**SOURCE DATA**
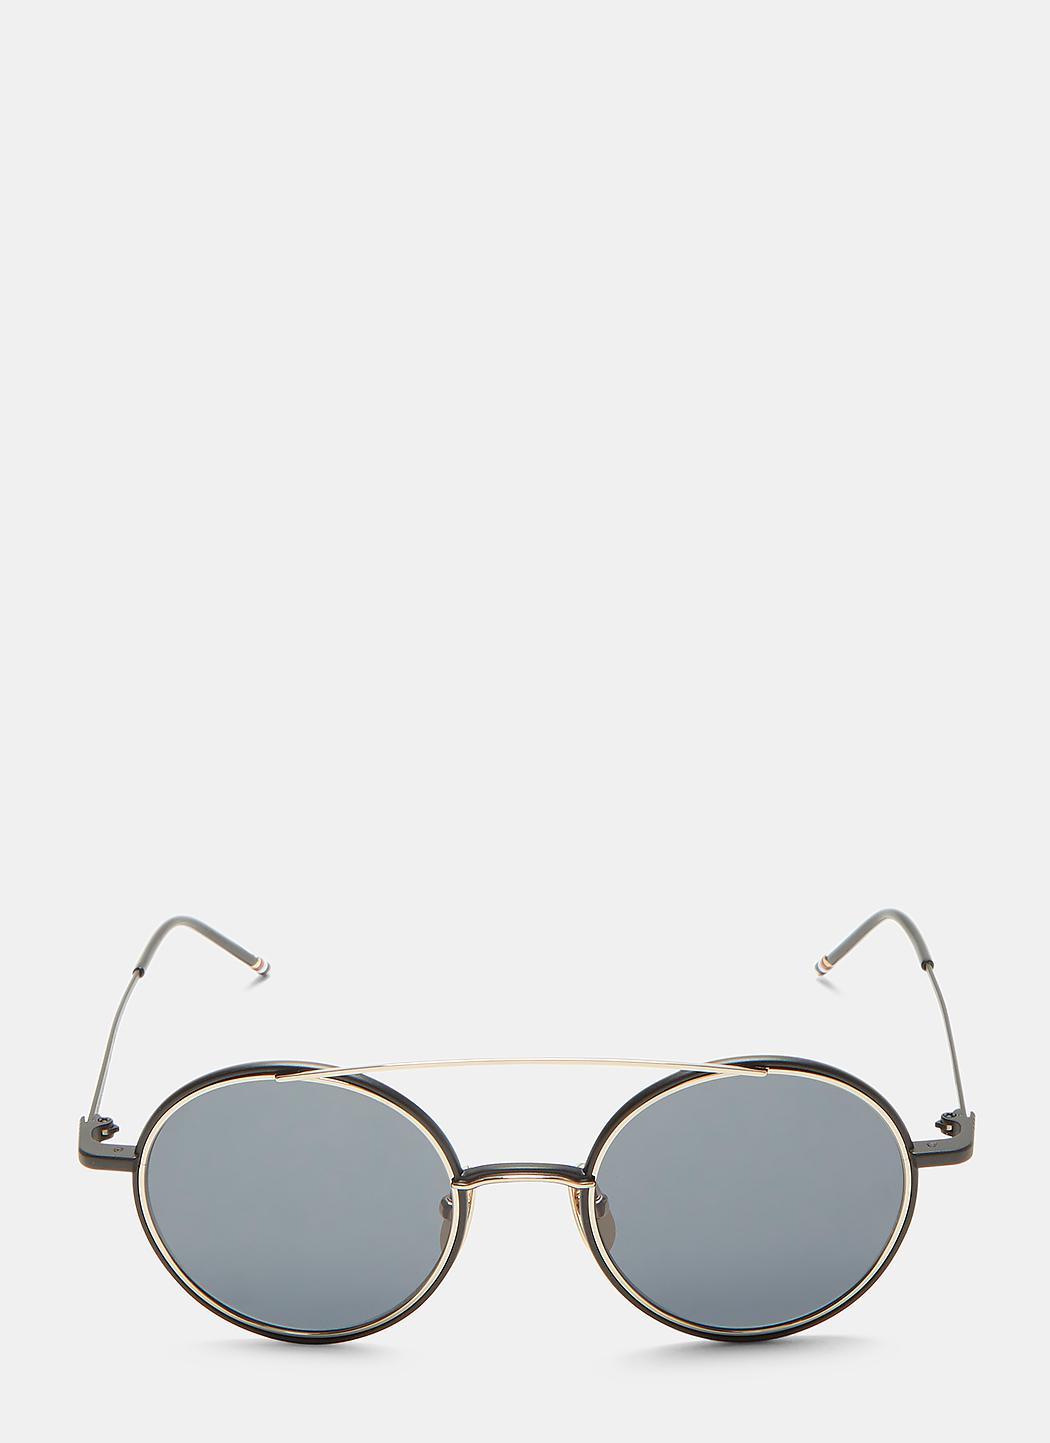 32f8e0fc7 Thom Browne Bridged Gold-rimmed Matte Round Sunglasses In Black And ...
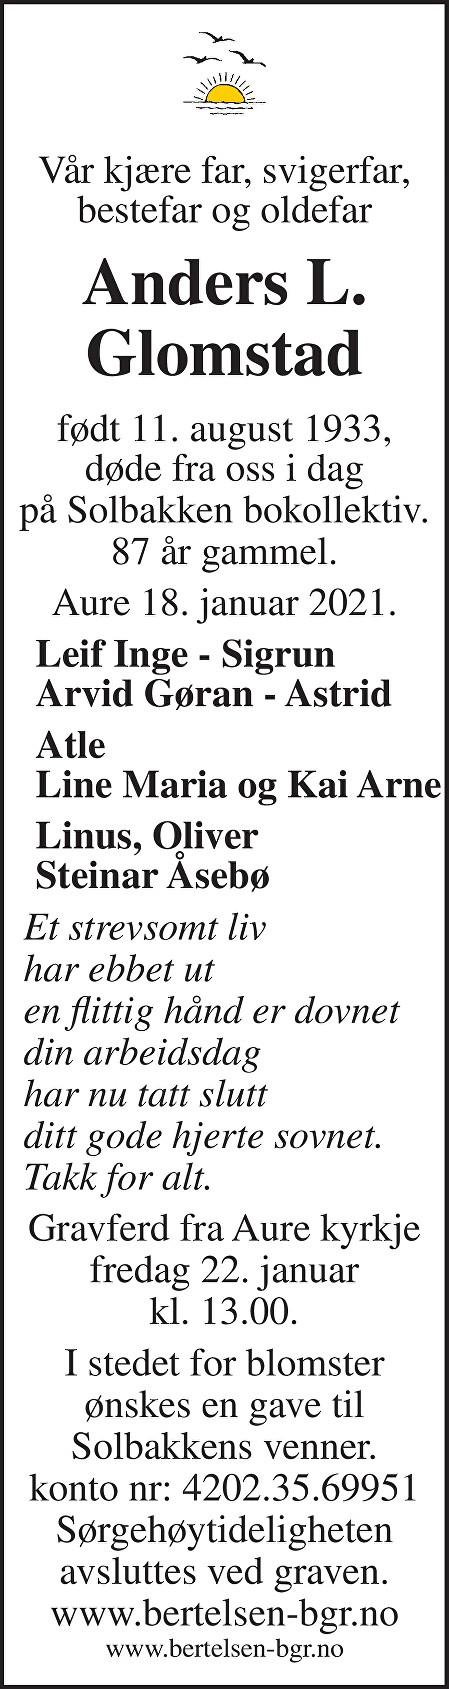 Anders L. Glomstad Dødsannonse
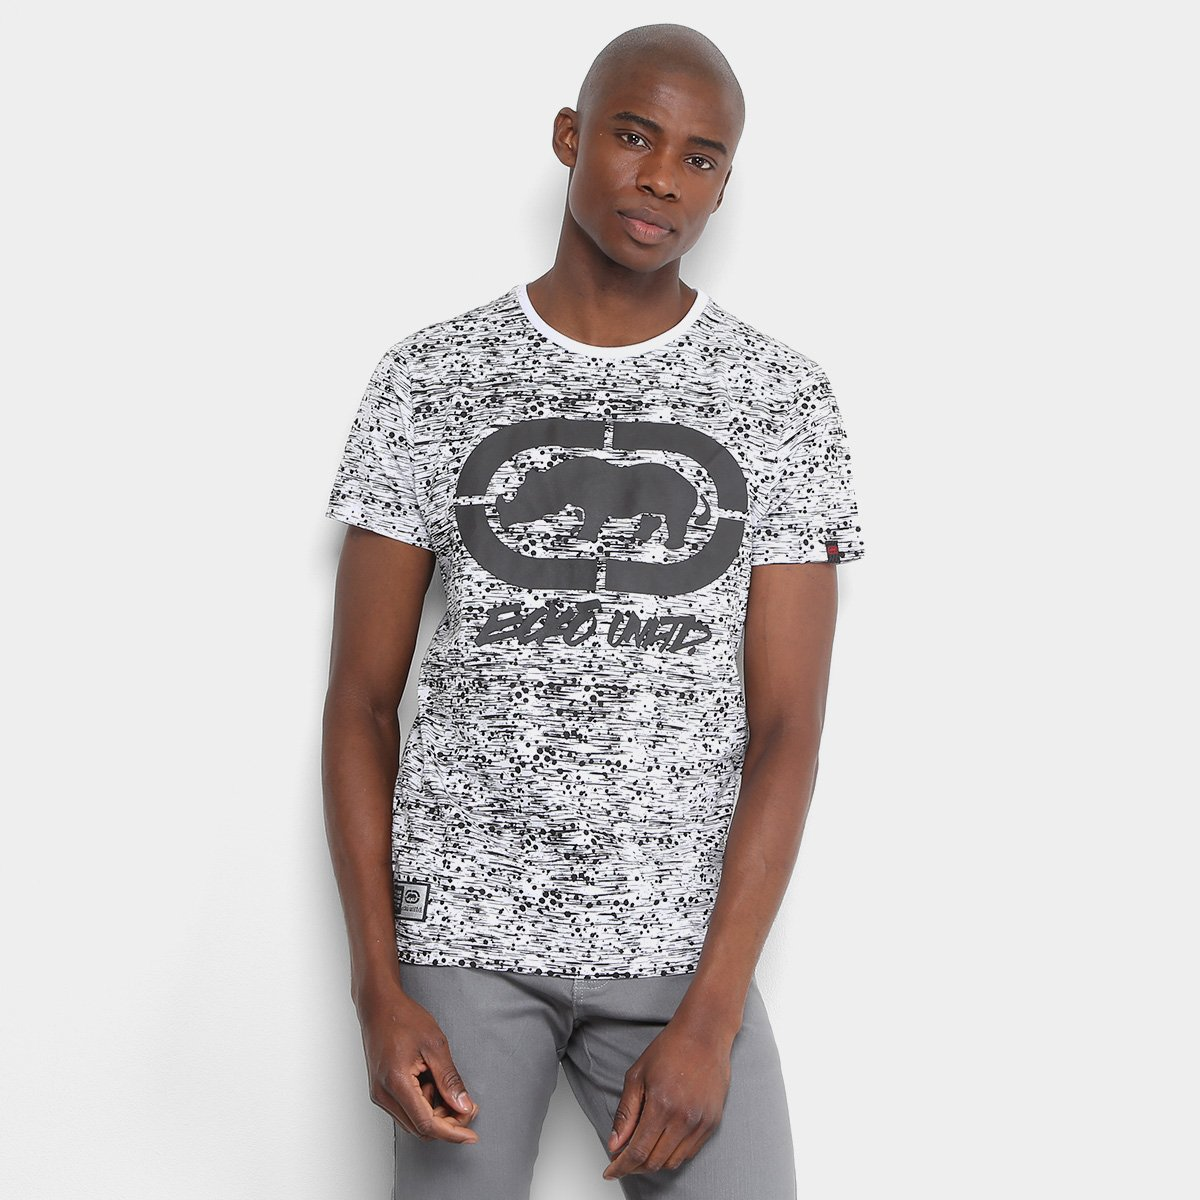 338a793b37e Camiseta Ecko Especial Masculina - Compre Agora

**TRY IT**
Where the line containing "Anders L. Glomstad Dødsannonse" appears, begin writing out the lines exactly, and continue through the end of the material above, omitting pictures.

**SOLVED EXERCISE**
 Anders L. Glomstad Dødsannonse
 338a793b37e Camiseta Ecko Especial Masculina - Compre Agora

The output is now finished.